Supplied information

════

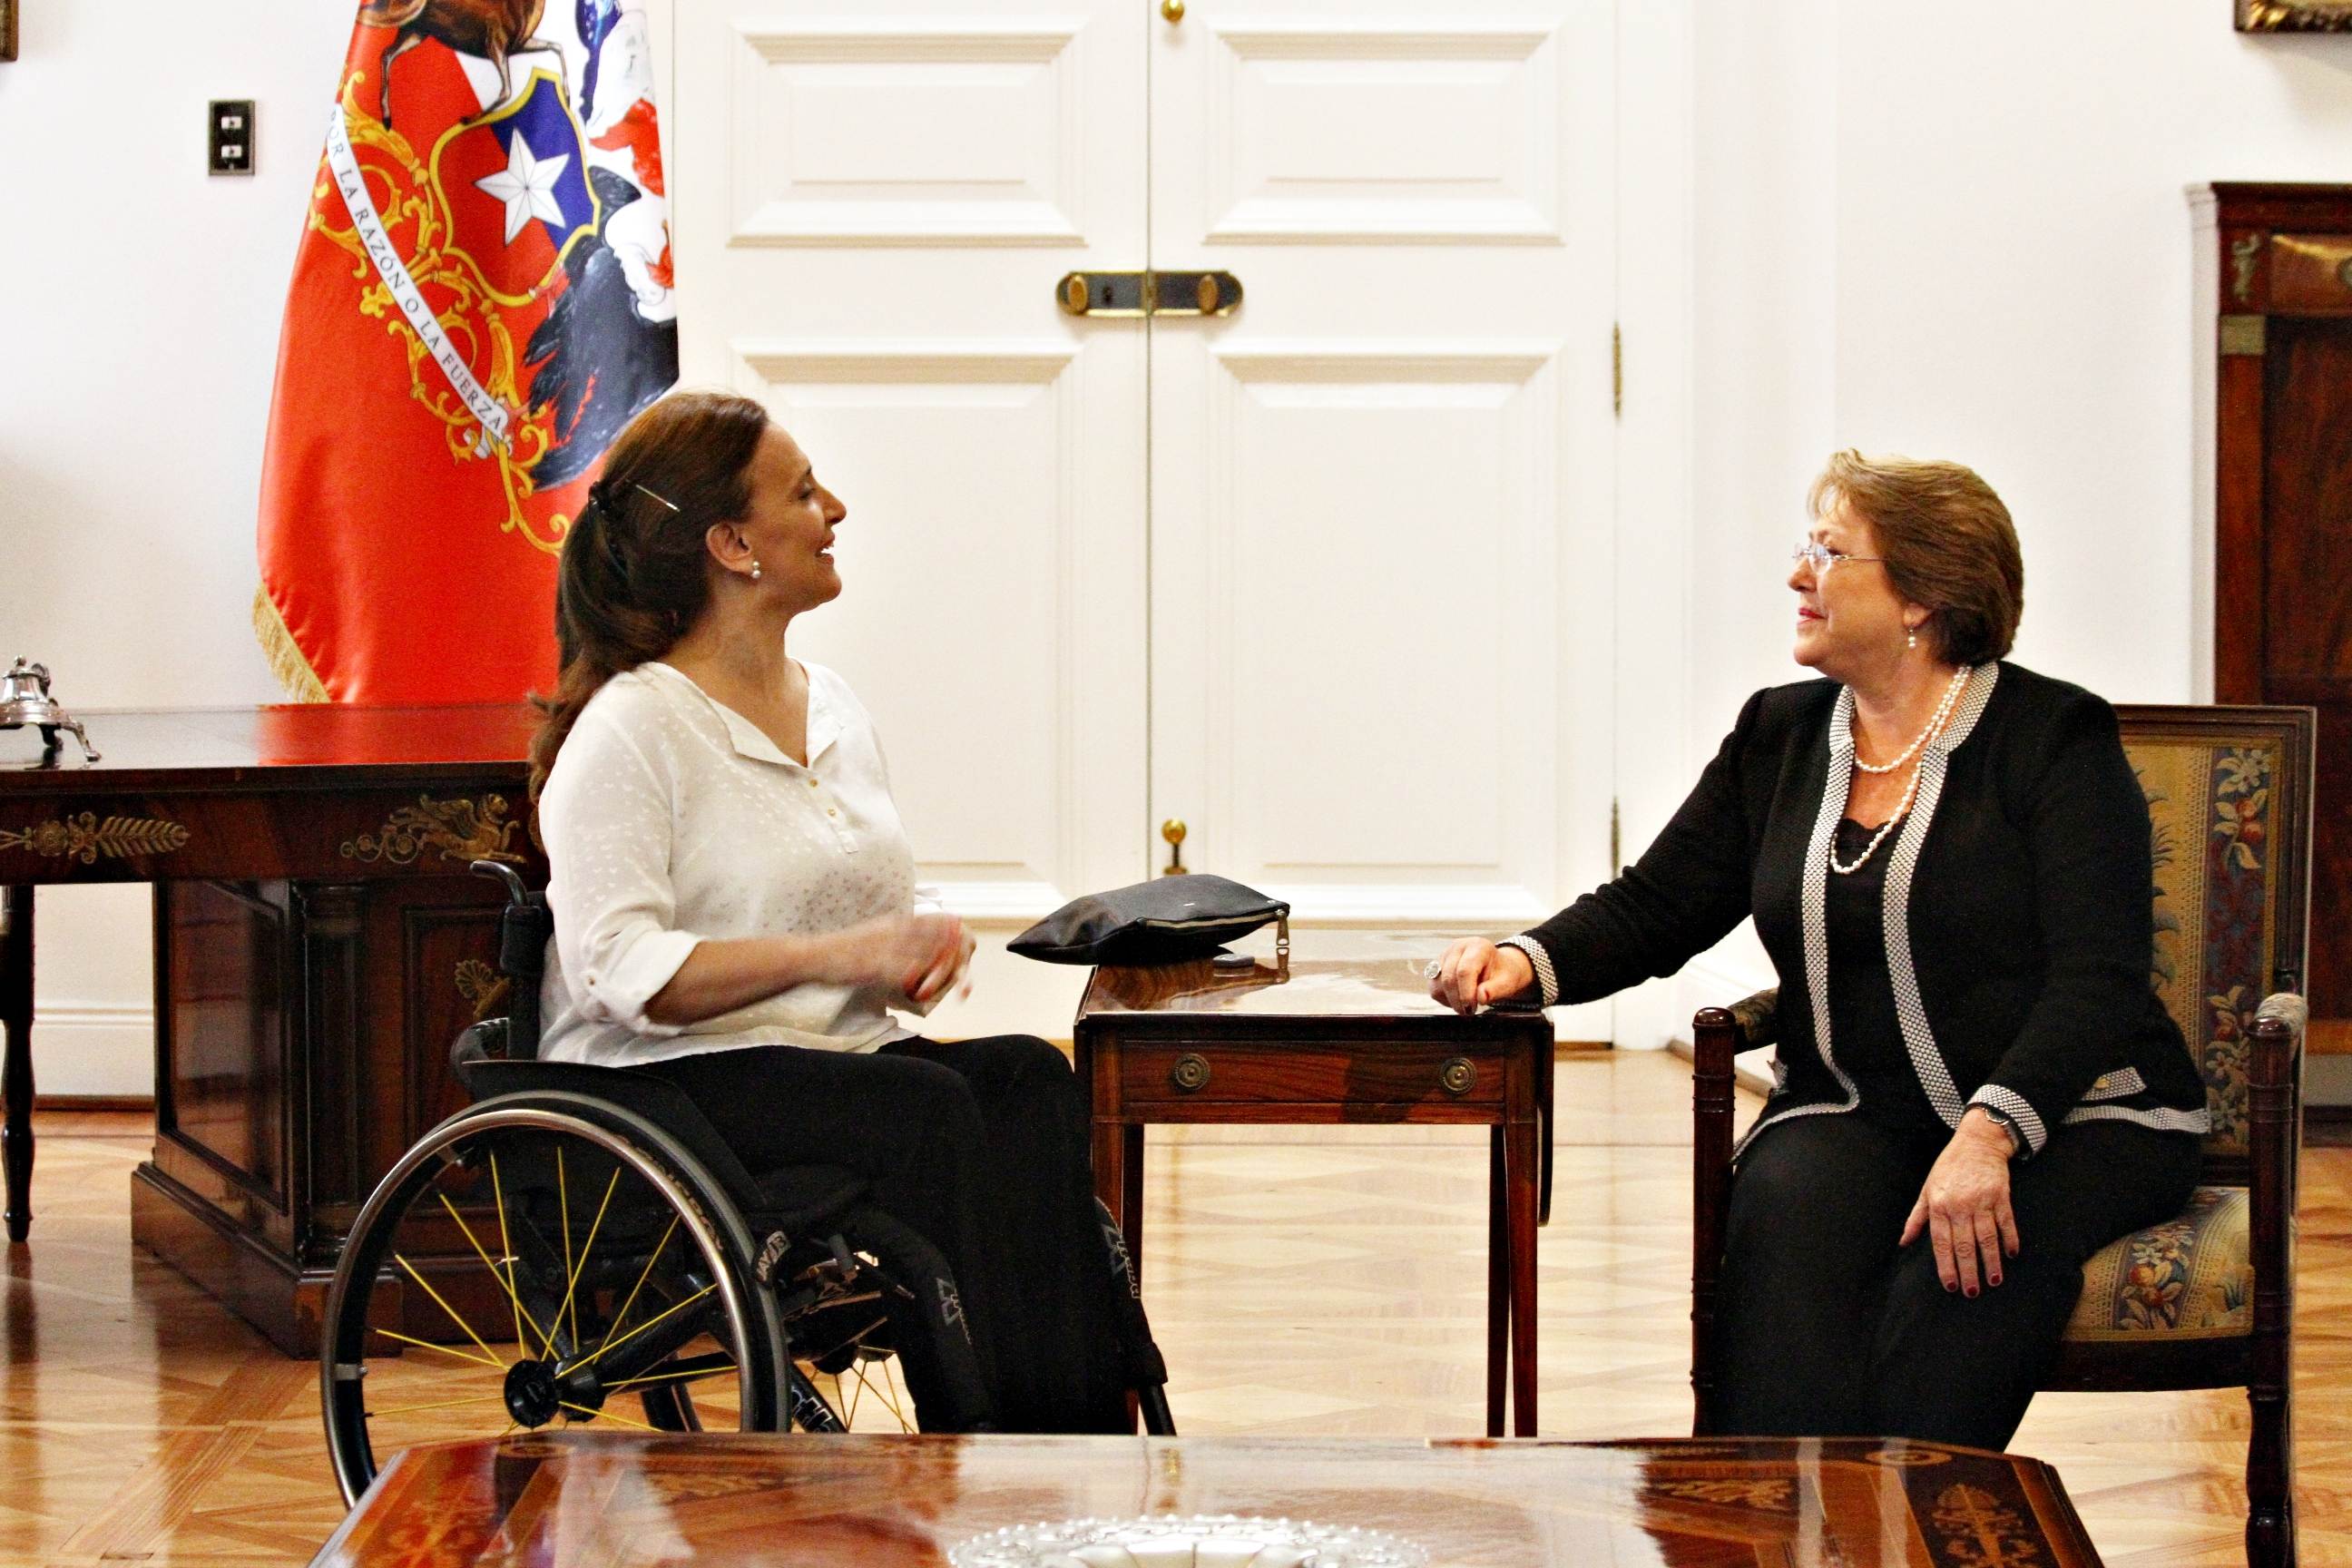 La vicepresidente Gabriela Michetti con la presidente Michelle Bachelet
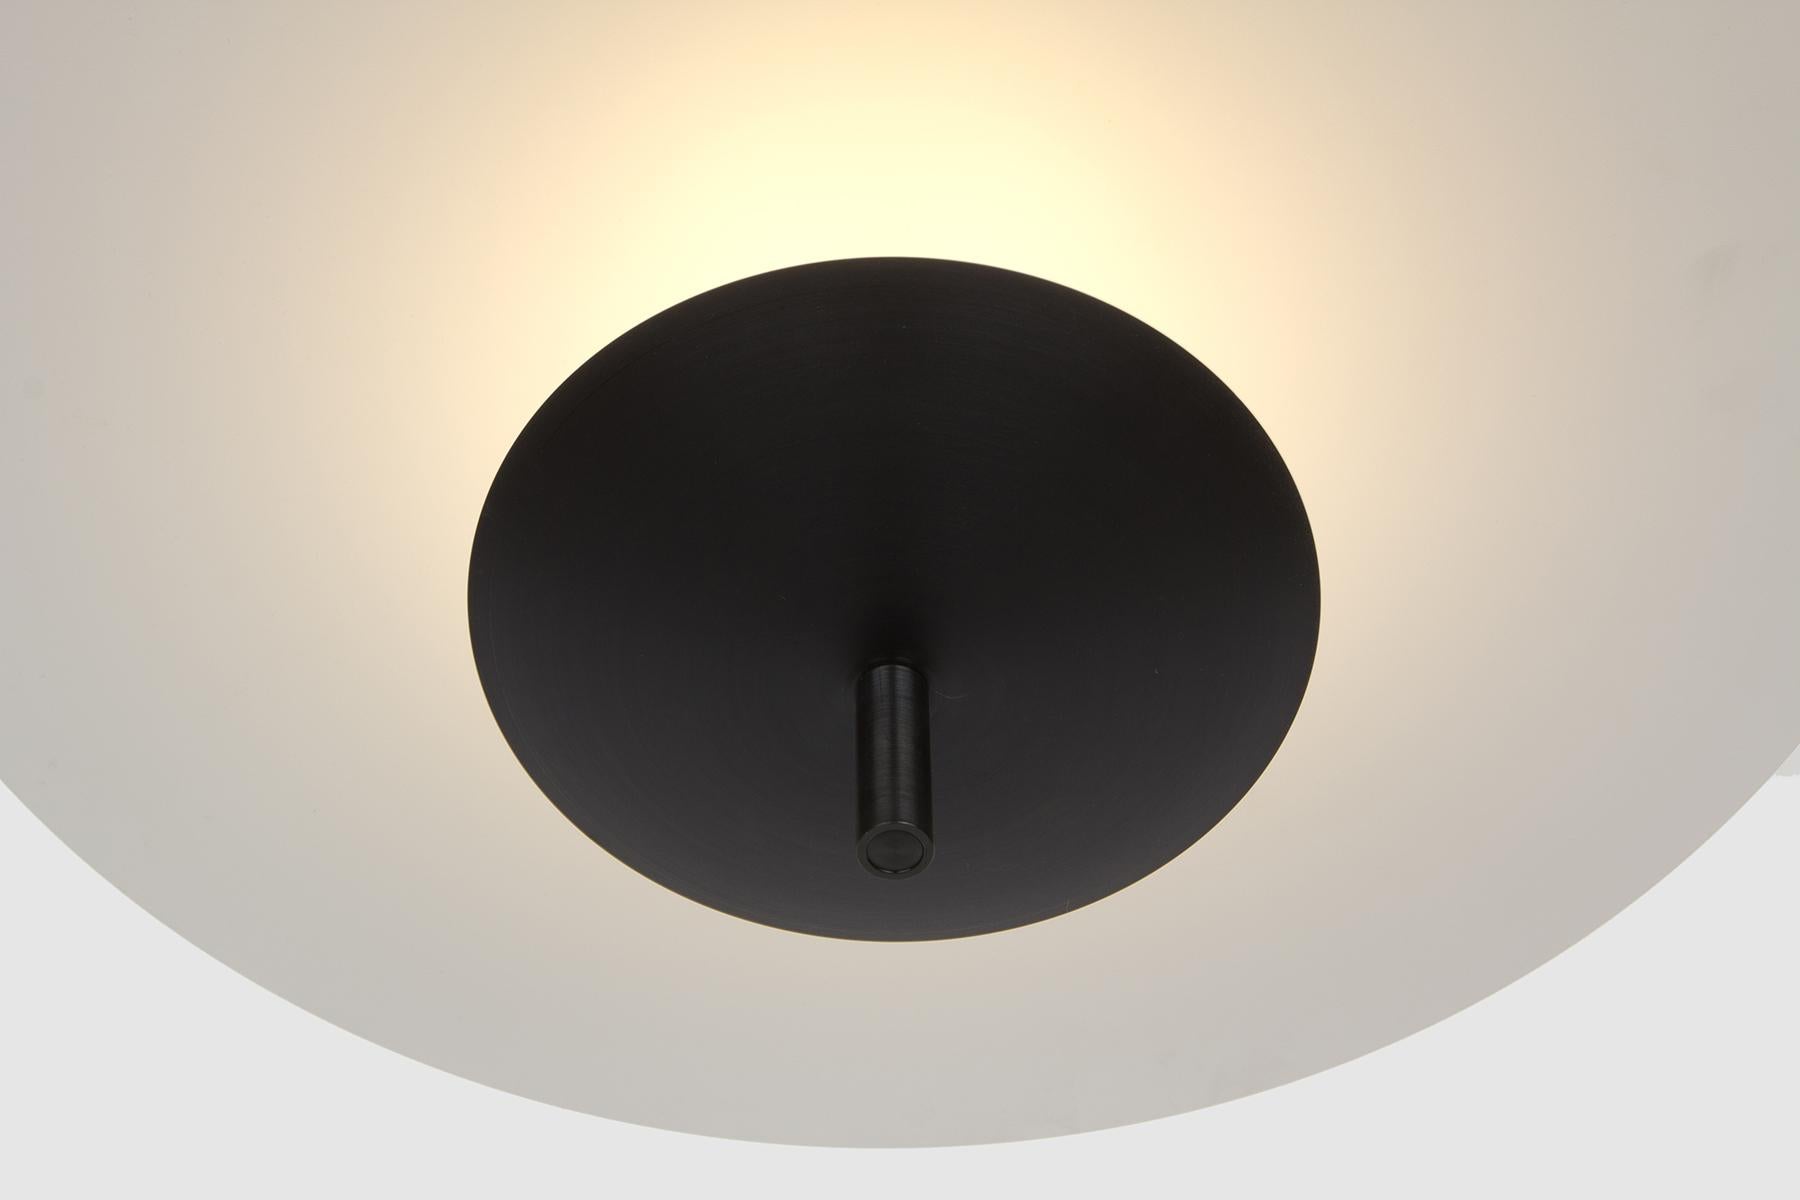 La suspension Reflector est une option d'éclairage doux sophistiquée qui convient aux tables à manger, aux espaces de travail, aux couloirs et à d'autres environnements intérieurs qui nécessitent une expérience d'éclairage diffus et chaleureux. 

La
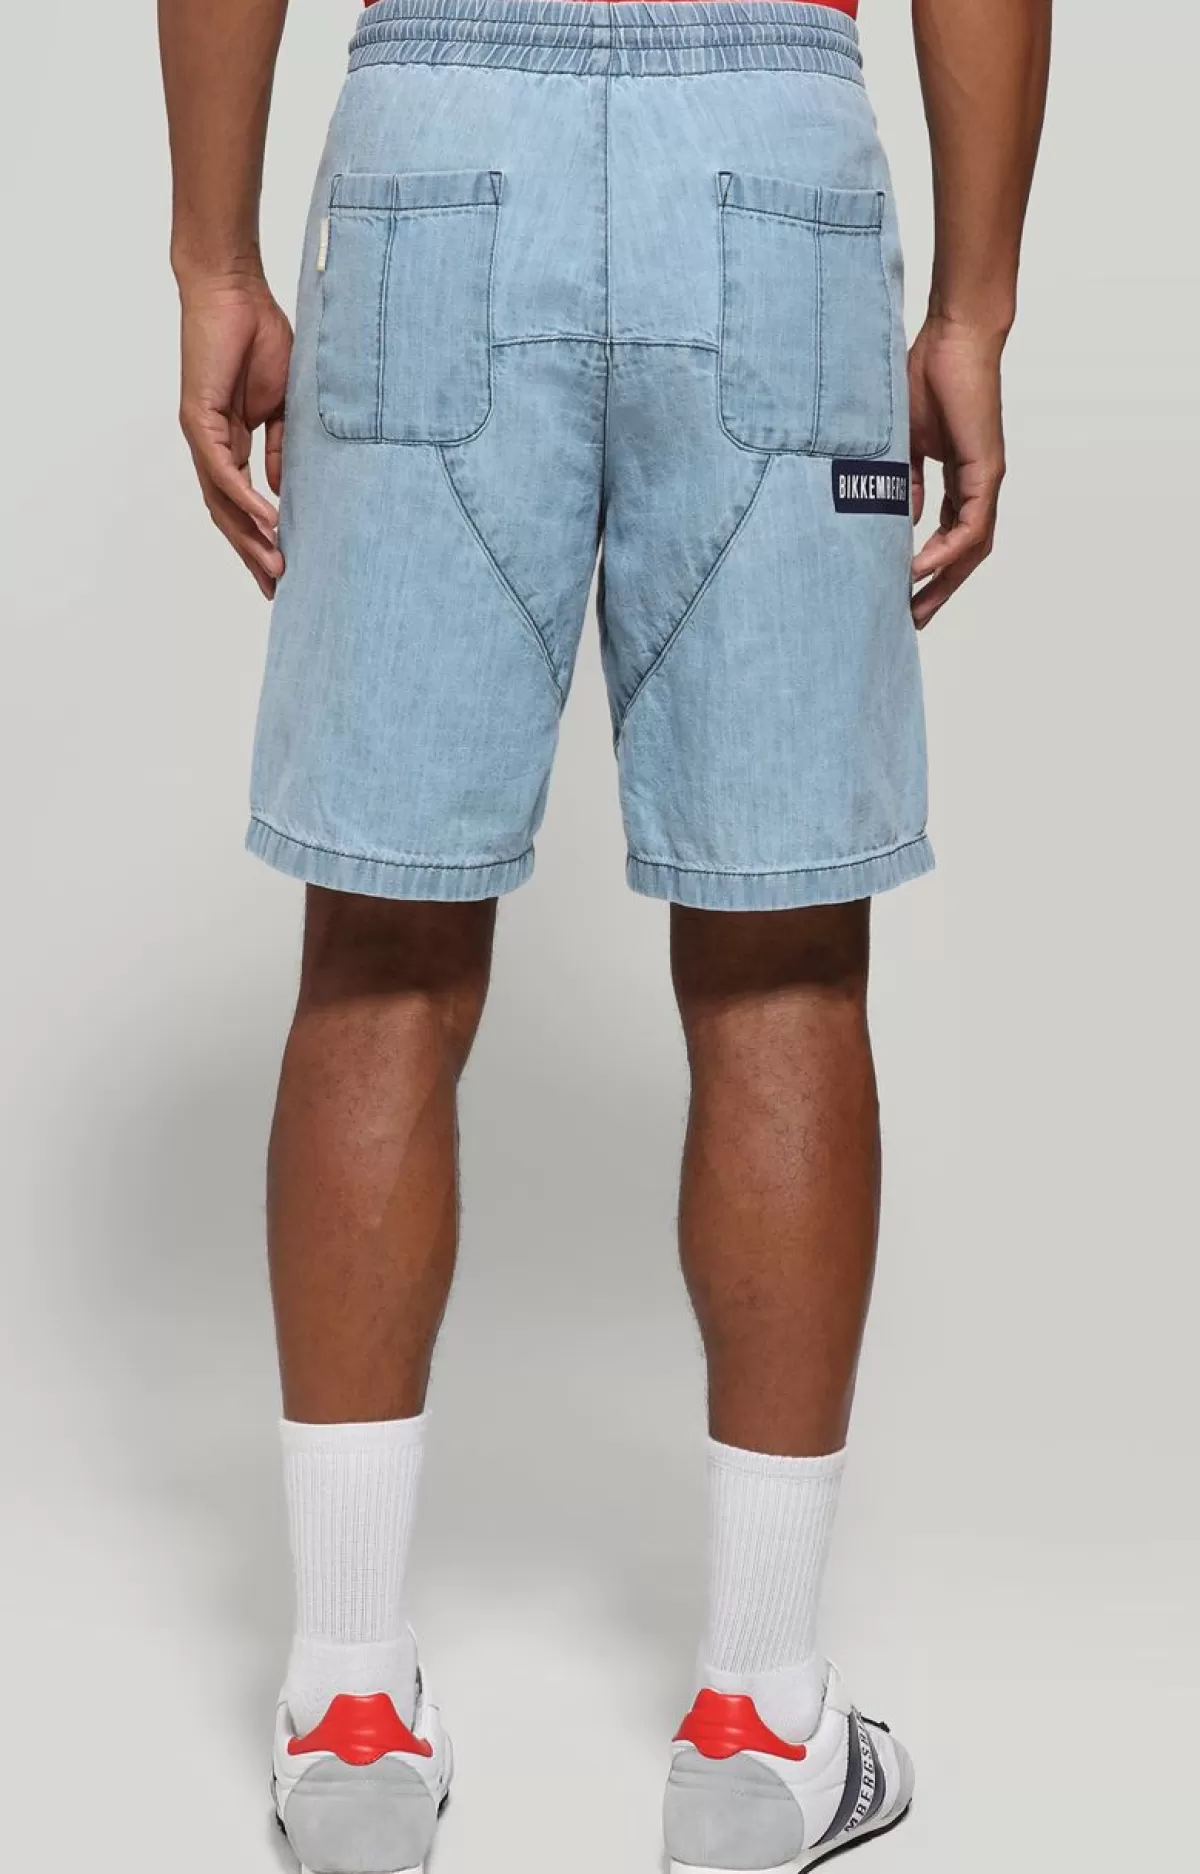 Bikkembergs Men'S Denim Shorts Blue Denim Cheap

════

What you should do
Retype the listing above exactly, pictures excluded.

Expected answer
 La vicepresidente Gabriela Michetti con la presidente Michelle Bachelet
 La suspension Reflector est une option d'éclairage doux sophistiquée qui convient aux tables à manger, aux espaces de travail, aux couloirs et à d'autres environnements intérieurs qui nécessitent une expérience d'éclairage diffus et chaleureux. 

La
 Bikkembergs Men'S Denim Shorts Blue Denim Cheap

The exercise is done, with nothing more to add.